Batch cooking
Posted: - Modified: | cooking, kaizenFrom Sunday night: Cooking large batches of food can be tiring, but for us, it’s worth it. Today, W- and I baked two pans of lasagna, stuffed and roasted two eggplants (eggplant and sausage stuffing), four peppers (rice, tomato, and sausage stuffing), and two roast chickens (couscous and dried fruit stuffing). No special recipes – just notes from the Internet and from cookbooks.
Cooking roughly 48 servings of food and cleaning up along the way took a little less than five hours, with both of us working in the kitchen. Ingredients came to about $2 per serving. Eating out costs roughly $6.50-11/meal. $210-$430 after-tax savings is pretty good for 10 hours of enjoyable work.
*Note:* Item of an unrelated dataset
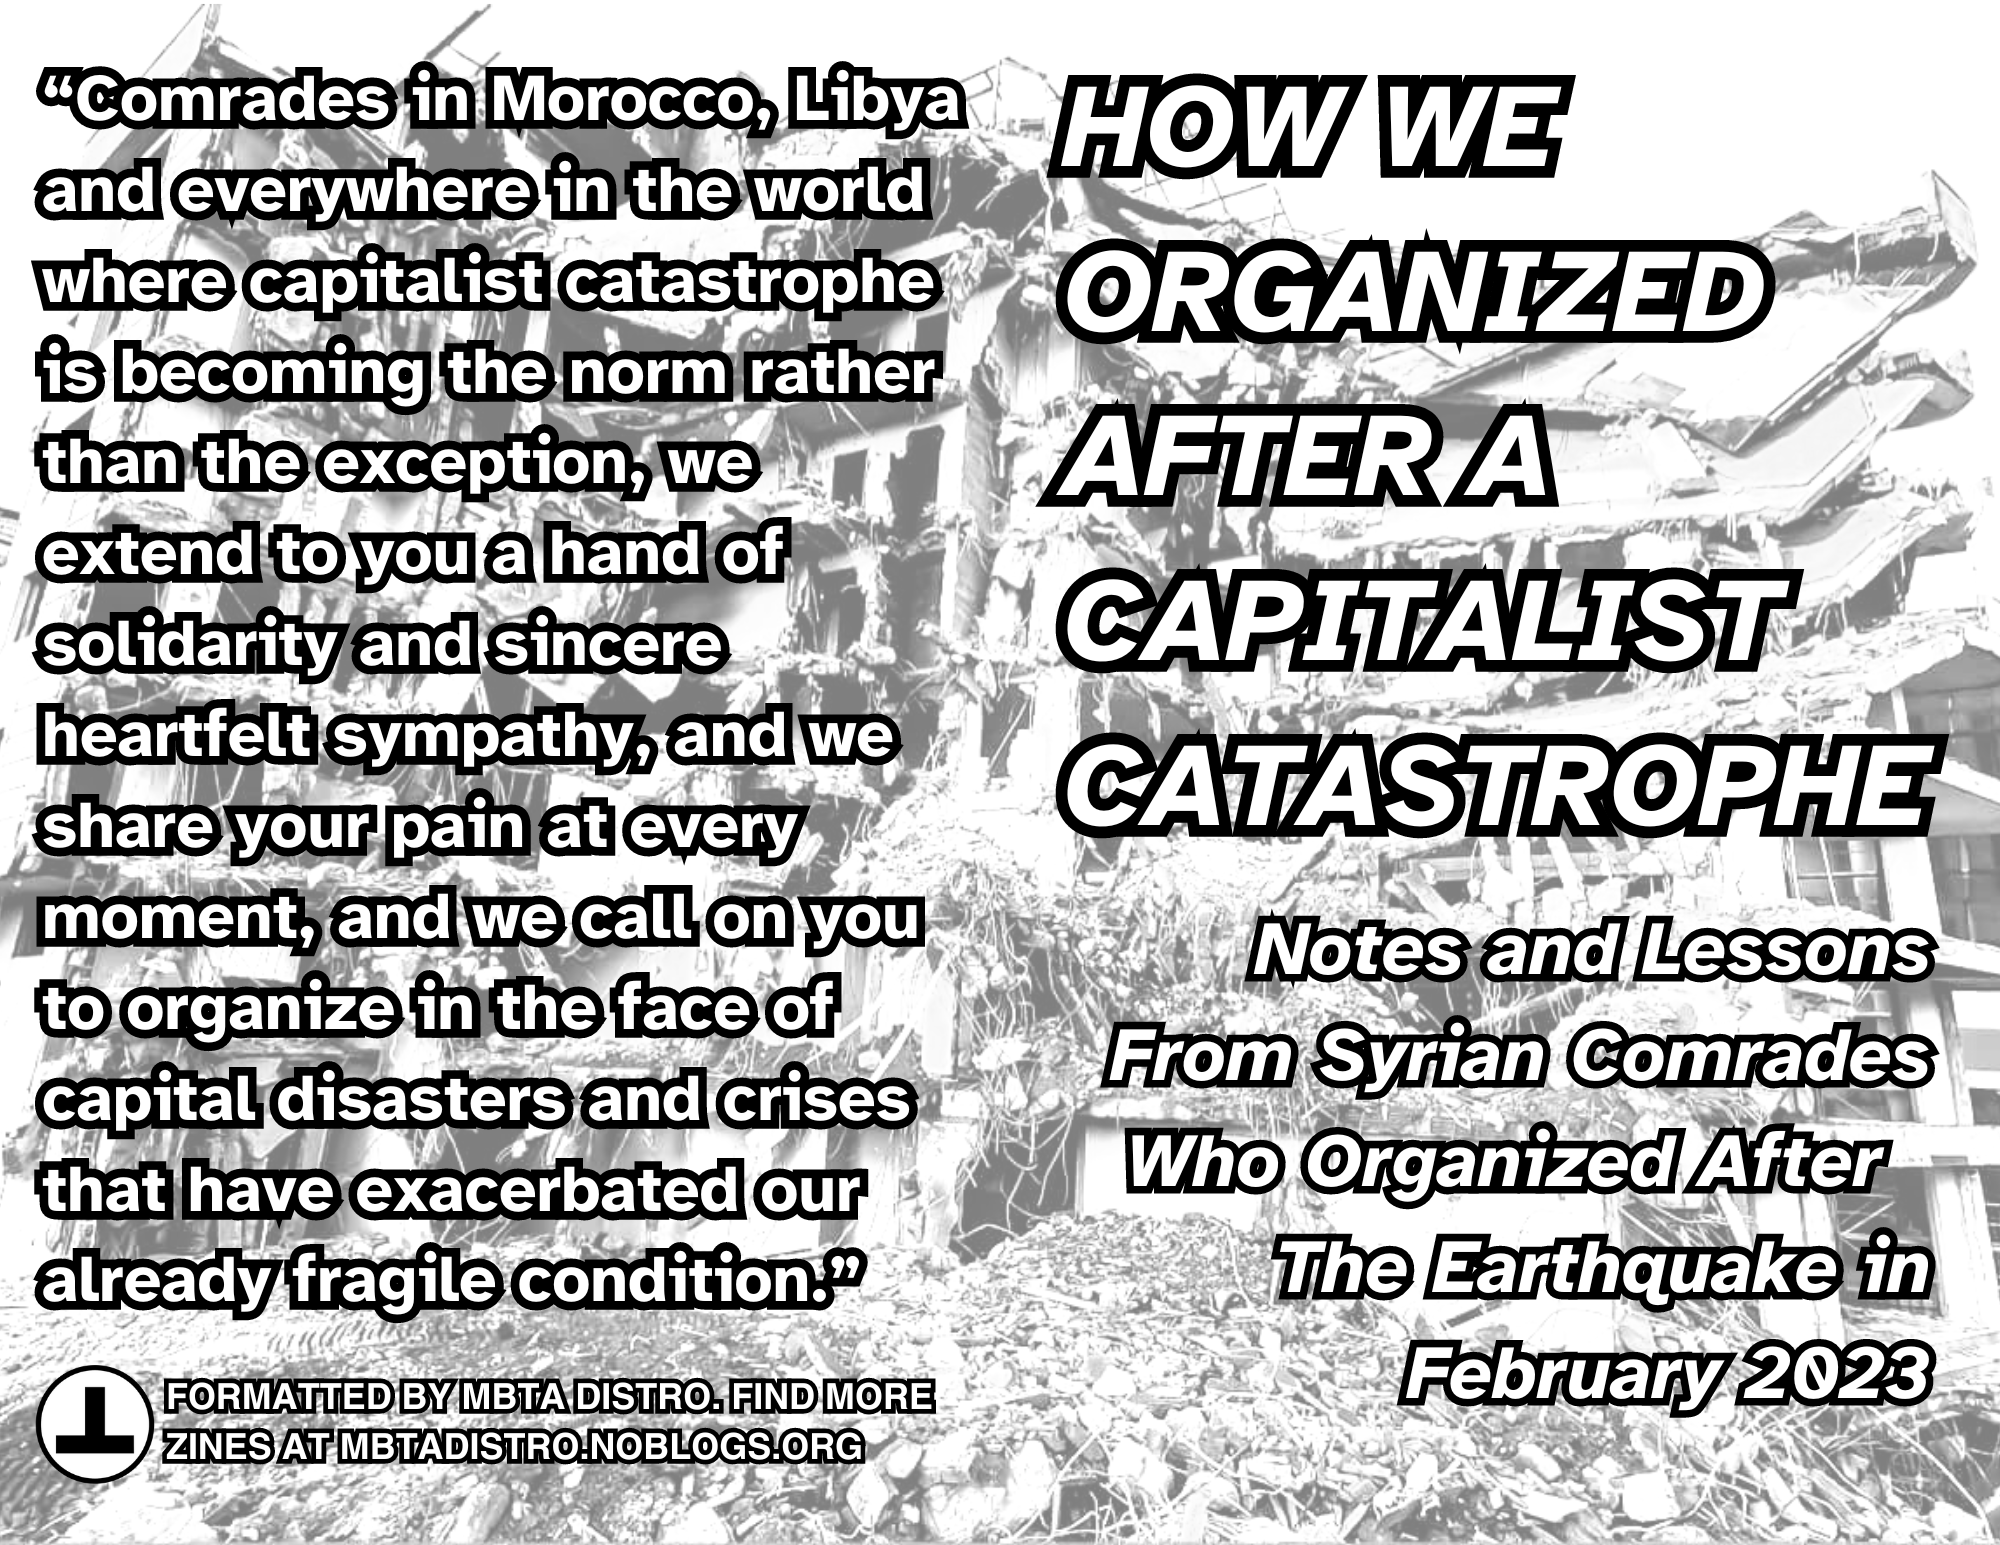 A black and white cover of a zine. Text is white with a black outline. The cover reads "How we organized after a capitalist catastrophe: Notes and Lessons From Syrian Comrades Who Organized After The Earthquake in February 2023" The background is a black and white image of rubble and partially destroyed buildings.

Now we’ve got a pot of baked beans in the oven. Because the beans will take a few more hours to bake, W- and J- made brownies. The difference in sizes between the small and extra-large eggs prompted a quick economics lesson on pricing strategies. In the meantime, I’ve heated up some strawberry-rhubarb tarts for a late-night snack. Life is good.
We could scale up even more. If we converted the raw ingredients in our freezer to cooked portions, bought more food containers, and planned the additional recipes, we could double our capacity easily, and maybe even reach quadruple the capacity. The chest freezer can hold around 60 square Rubbermaid TakeAlongs with some additional room for loose ingredients, and the fridge freezer can hold some more. The Internet has many sites dedicated to once-a-month cooking and other batch cooking ideas, so it’ll be easy to find recipe ideas to add to our repertoire.
What would doubling our output look like? Let’s say we use today’s cooking as a template. For variety, we’d add two Shake-n-Bake chickens and a large pot of curry. We’d probably need 18 additional cups of rice, and more food containers. It would probably take 2-3 more hours; maybe just one additional hour if we use pre-sectioned chicken thighs and drumsticks. If our freezer restocking time coincides with a sale on chicken, I think we’ll give it a try.